Tucked up next to Sehome Arboretum on a quiet side of south campus is one of the most robust health services available in the state: the three clinics of Western’s Speech, Language, and Hearing Sciences Department.
The clinics — aural rehabilitation, speech-language, and hearing — provide a wide variety of no-cost services, including stuttering therapy, voice therapy, gender-affirming voice care, expressive and receptive language evaluations and treatment, cognitive therapy, and group and individual therapy for aphasia. The audiology clinic offers full diagnostic hearing evaluations, hearing aids, balance assessments and much more all performed by WWU student clinicians supervised by licensed providers at no cost to the patient.

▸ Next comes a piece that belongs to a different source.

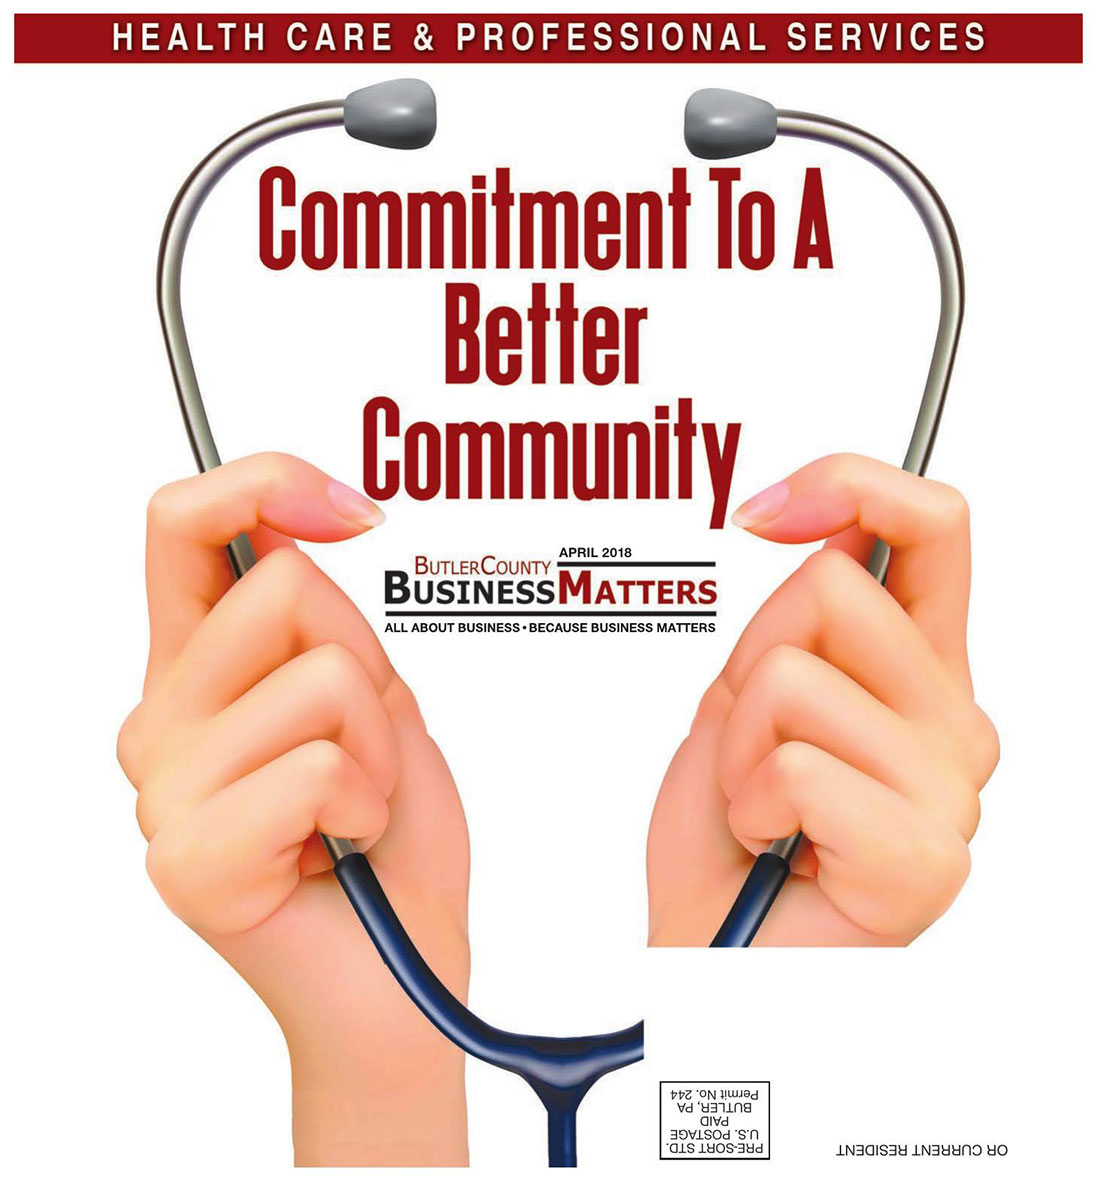 April 2018 - Health Care & Professional Services - Commitment To A Better Community

The clinics also provide students a training ground for a profoundly rewarding career.
“These opportunities provide invaluable hands-on experiences that truly prepare us for professional practice in this field,” says Savannah Burdick, a third-year student in the Clinical Doctorate in Audiology Program.
“For a patient to regain their voice is so meaningful,” says Speech- Language Clinic Director Lesley Stephens. “We had a client who came to therapy and after receiving care was able to read a birthday card out loud for the first time.”
The clinics also offer services that are rare at a private clinic: “We are one of the few clinics in the country that has aural rehabilitation in addition to speech-language and audiology services,” says Director of Audiology Anna Diedesch.